The authors declare no competing interests.
Peer review information Nature thanks Johan Elf, Wilma Olson and the other, anonymous, reviewer(s) for their contribution to the peer review of this work.
Publisher’s note Springer Nature remains neutral with regard to jurisdictional claims in published maps and institutional affiliations.
Extended data figures and tables
a, Looping kinetic curves of two individual sequences that were part of the cerevisiae nucleosomal library (Supplementary Note 4), obtained by performing two individual smFRET experiments (Fig. 1a–c) as well as timecourse loop-seq (Supplementary Note 3) on the library. b, Looping times of 10 sequences that were part of the cerevisiae nucleosomal library obtained from 10 individual smFRET experiments (Fig. 1c) versus looping times obtained by performing time-course loop-seq on the library. Pearson’s r = 0.84; 95% CI = 0.44, 0.96; P = 0.002, two-sided t-test. c, Looping barriers (natural logarithm of the looping times; see Supplementary Note 2) of all 19,907 sequences in the cerevisiae nucleosomal library obtained by performing time-course loop-seq versus the corresponding cyclizability values obtained by performing regular loop-seq involving 1 min of DNA looping before RecBCD digestion. Pearson’s r = 0.833; 95% CI = 0.829, 0.837; P < 0.00001, two-sided t-test.

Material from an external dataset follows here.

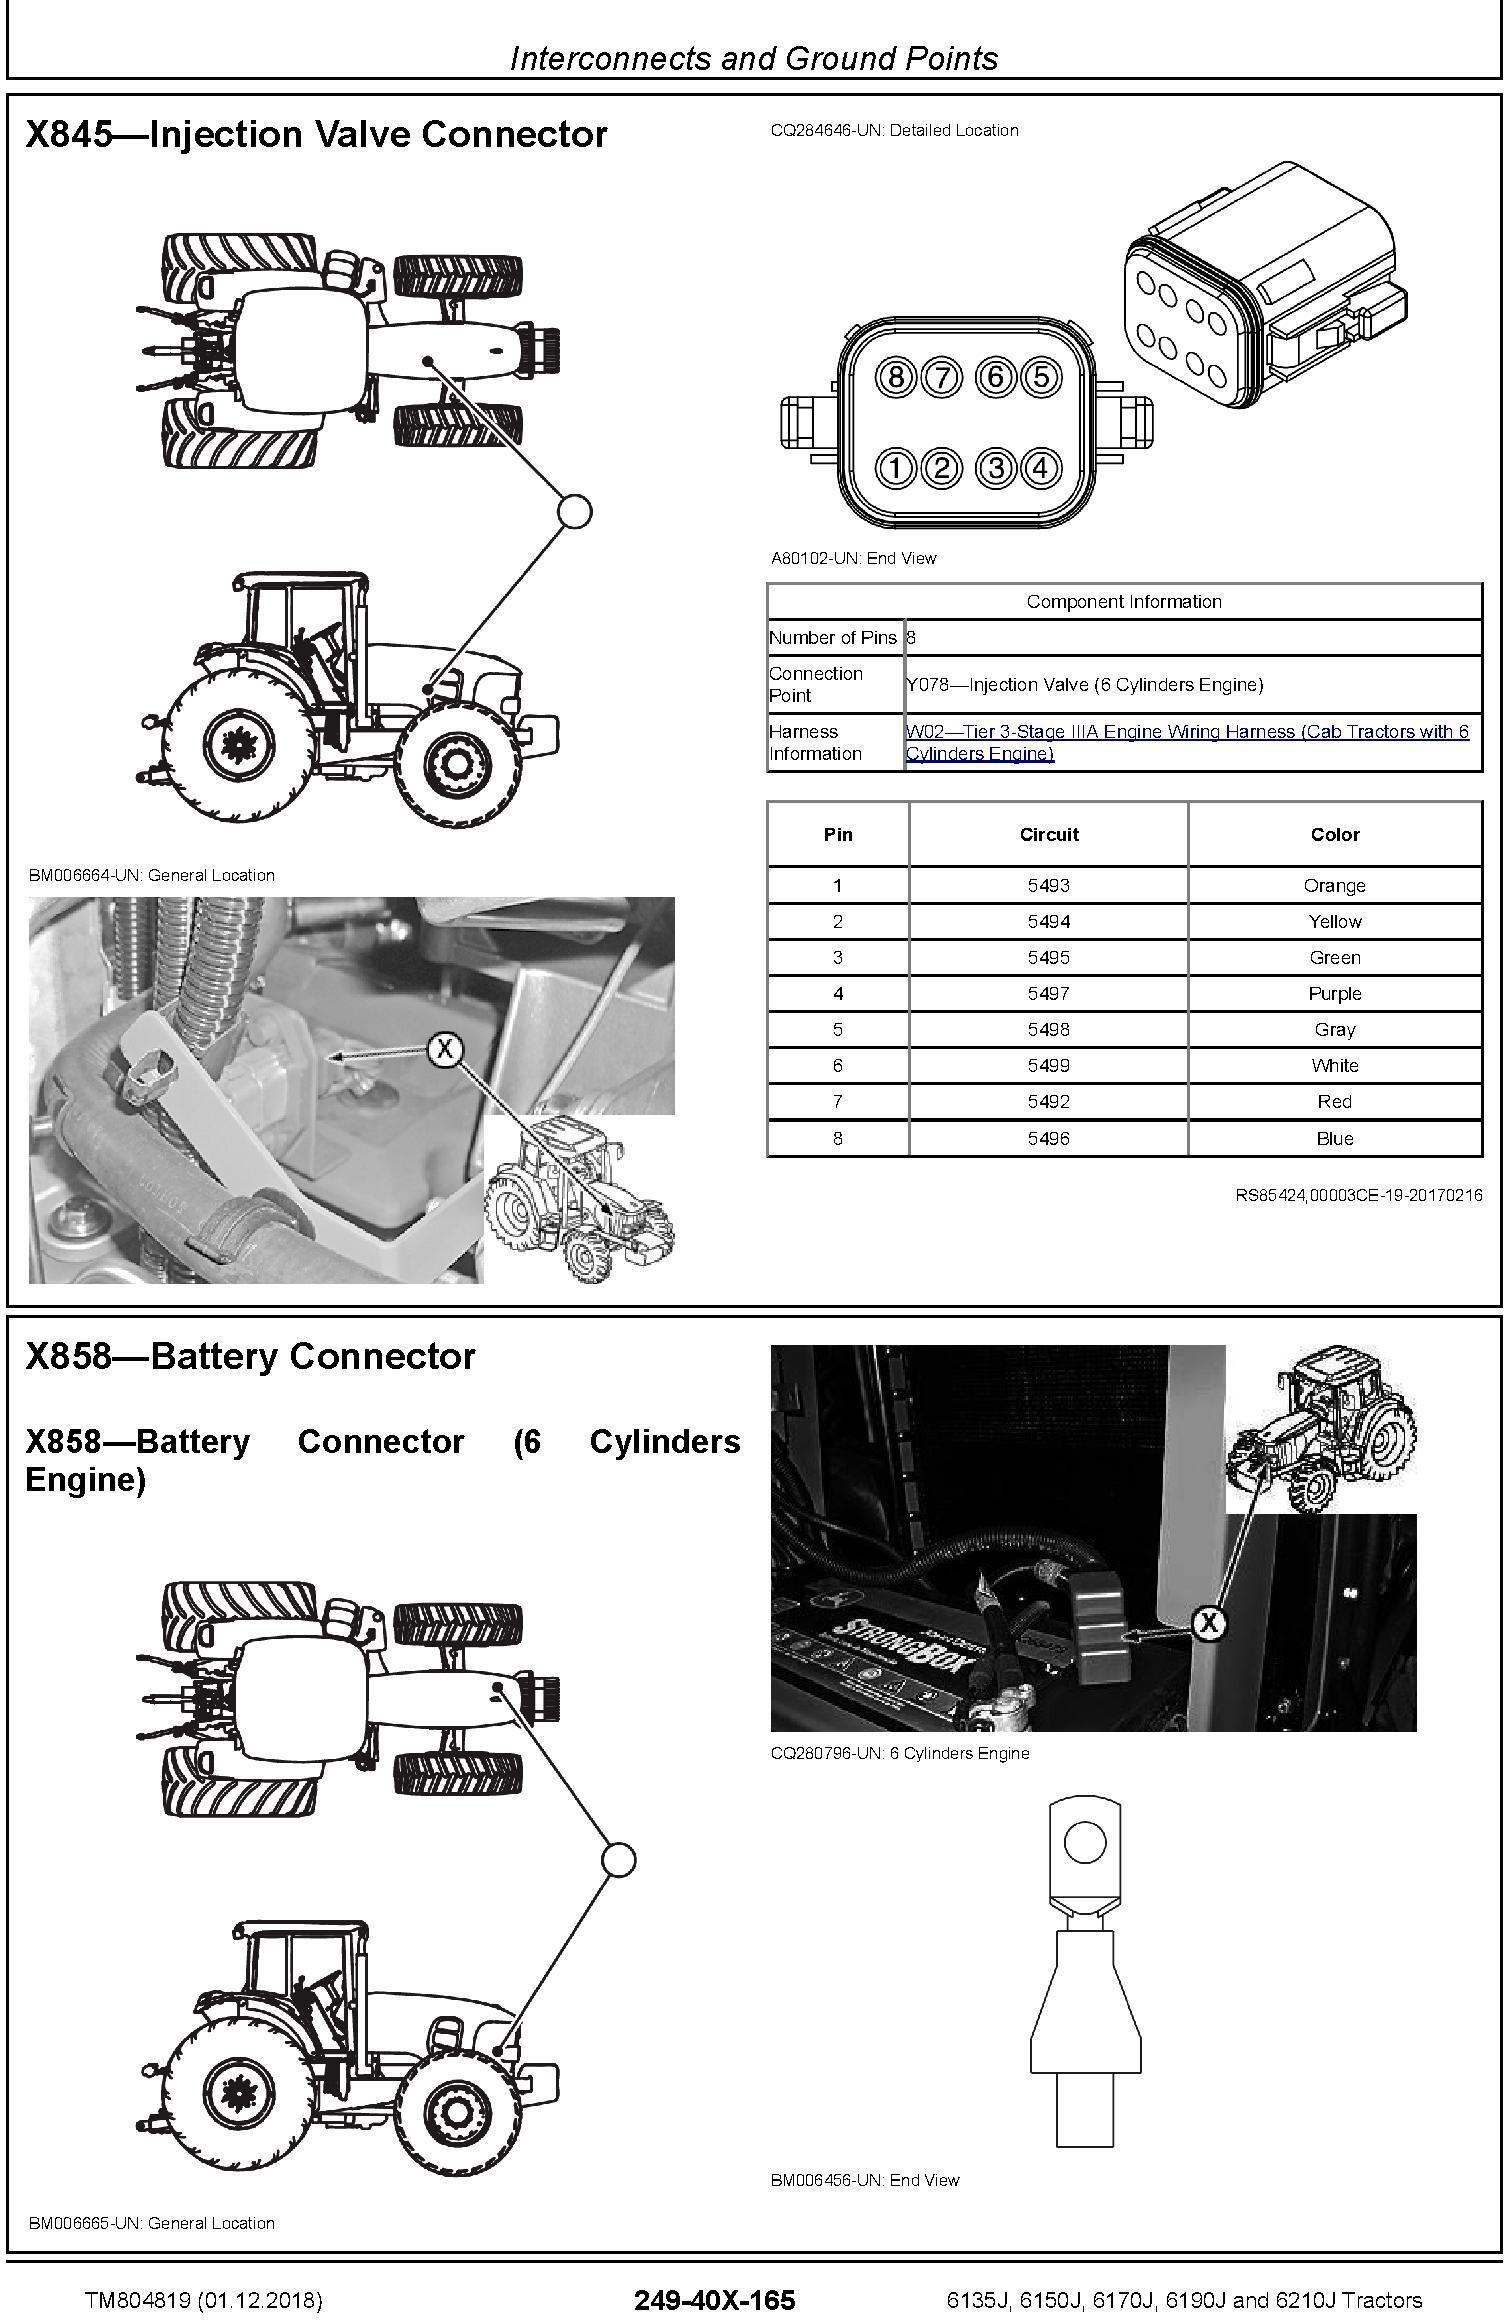 John Deere 6135J, 6150J, 6170J, 6190J, 6210J Tractors Diagnostic Technical Service Manual (TM804819) - 1
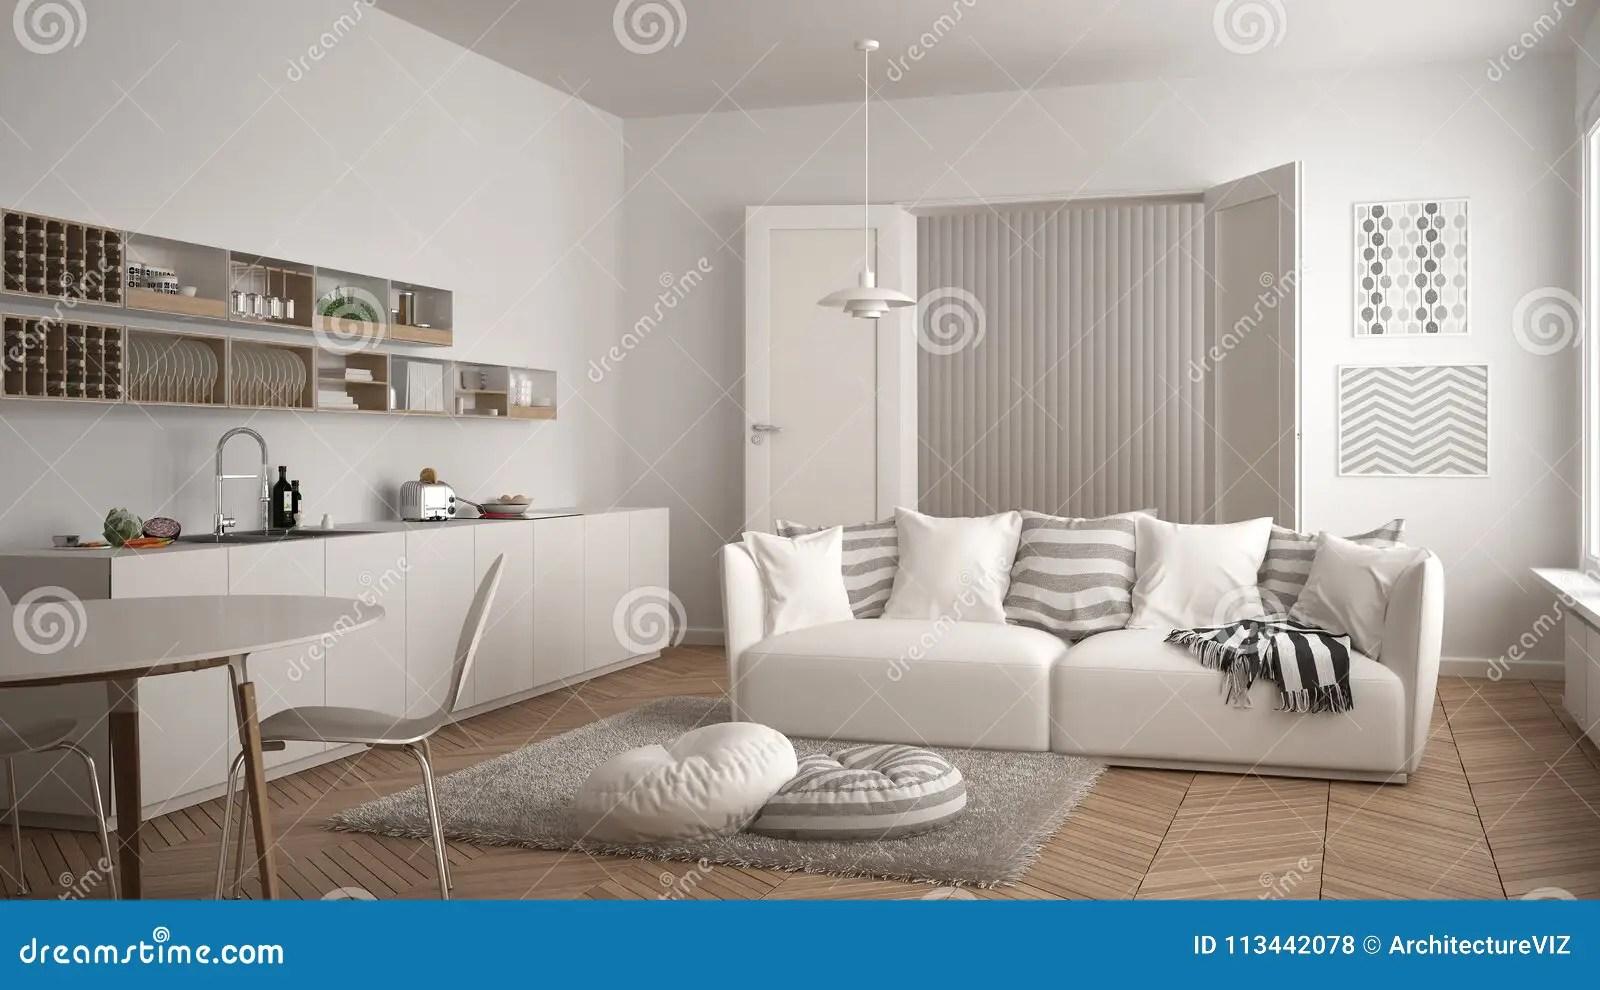 kitchen dining tables pan rack 有厨房 餐桌 沙发和地毯的与枕头 最低纲领派白色建筑学内部desi斯堪的 最低纲领派白色

Before annealing of the ends, the DNA rapidly samples various configurations where the ends are far apart or closer together, described here for simplicity as a rapid equilibrium between two representative states. As previously described6, annealing captures the state in which the ends are close together. Thus, the rate of looping as measured in the FRET based assay reports on the equilibrium population fraction of the state where the ends are close but not annealed, irrespective of the exact shape and geometry of the subsequent annealed state. It thus addresses the biological question of how quickly regions of DNA can approach, which can then be stabilized by protein binding6. However, the formation of nucleoprotein complexes may require not just the ends to approach, but the intervening DNA to also adopt a certain shape, and the readout of looping rate does not distinguish between these possible shapes. Various shapes have been proposed for the subsequent annealed state, such as a teardrop configuration where the nicks are open and base-pair stacking across nicks is disrupted, and a smooth state in which base-pair stacking is preserved across the nicks11. Other non-canonical geometries may also be possible, such as a U-turn geometry, where the sticky overhangs interact via reverse Watson–Crick base-pairing in a parallel stranded configuration. Conventional Watson–Crick base pairing between the overhangs, but in a geometry similar to the U-turn configuration, has been achieved in the past (hairpin loop10). Presence of mismatches or transient defects in the duplex region may influence whether such a geometry is preferred over the teardrop or smooth configuration10. Because all members of various libraries in our study used the same overhang sequences, relative differences between them in their looping kinetics are unlikely to be affected by a potential conformational heterogeneity of the looped state.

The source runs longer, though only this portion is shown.